# Recover deleted emails Outlook 2007



## Julie Frances (Dec 26, 2007)

I`m on Outlook 2007 account pop/smtp-Windows XP-Home Edition. 
I understand that, to have the "recover deleted items" in the dropdown in Outlook 2007 (tools), i would need to have a Microsoft Exchange account. However, i don`t need a Microsoft Exchange account, but i understand there is a way to recover deleted emails etc., by going through the .pst file.
Can you advise please?:wave:


----------



## clyde123 (Apr 10, 2008)

No.
The Microsoft Exchange thing is because Exchange retains your deleted messages and folders in a separate (hidden / administrative) folder for a period of time. Just in case.
For Pop mail, you would need to use a third party recovery tool. Google for what's available. If doing that, you should really not be using the PC in the meantime, as any file saves you do might overwrite the deletions.
Recovery software has a mixed success rate, depending on how much you've used that drive since you deleted stuff.


----------



## Julie Frances (Dec 26, 2007)

clyde123 said:


> No.
> The Microsoft Exchange thing is because Exchange retains your deleted messages and folders in a separate (hidden / administrative) folder for a period of time. Just in case.
> For Pop mail, you would need to use a third party recovery tool. Google for what's available.

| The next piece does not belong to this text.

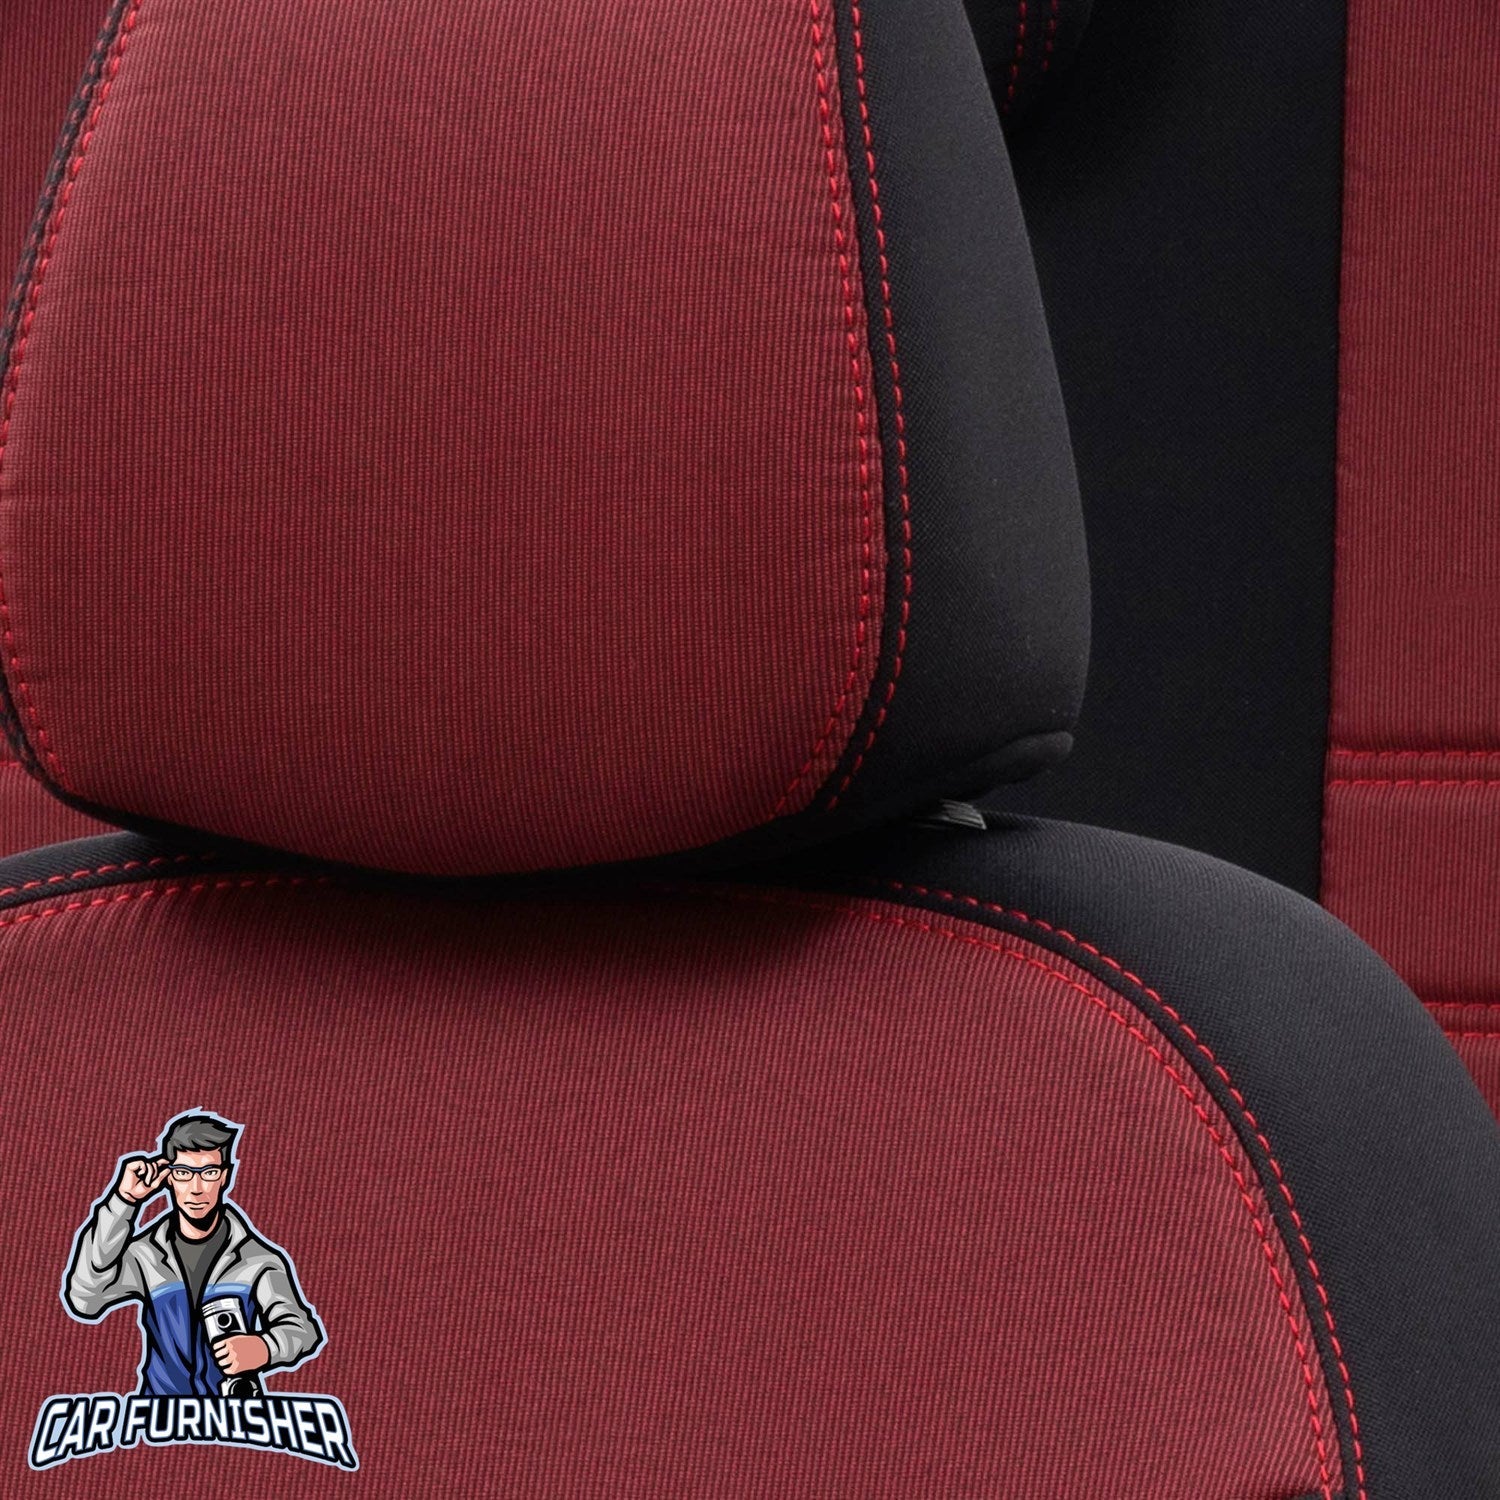 Audi A1 Seat Cover Original Jacquard Design Red Jacquard Fabric

If doing that, you should really not be using the PC in the meantime, as any file saves you do might overwrite the deletions.
> Recovery software has a mixed success rate, depending on how much you've used that drive since you deleted stuff.


Thank You.:wave:


----------



## Julie178 (Oct 18, 2011)

Hi~
The feature 'recover deleted items' requires you to use a Microsoft Exchange account. Most home and personal accounts do not use Exchange. This feature is designed for advanced users who are comfortable backing up and modifying the Microsoft Windows® Registry.
More detail at: Recover deleted items from any folder - Outlook - Office.com


----------



## Julie Frances (Dec 26, 2007)

Thank You. i have seen where the registry can be changed by going through to type in DumpsterAlwaysOn and change the dword value to 1. After that the "recover deleted items" option was supposed to be available in the dropdown under tools in Outlook 2007, but it didn`t happen in mine. Have you heard of that registry change?:wave:


----------



## marshalhubs (Dec 9, 2011)

Hi Julie Frances,

Microsoft-office has option to recover deleted email from MS Outlook 2007 , kindly visit this link for more information : Recover deleted items - Outlook - Office.com


----------



## Julie Frances (Dec 26, 2007)

Thank You. :wavey:


----------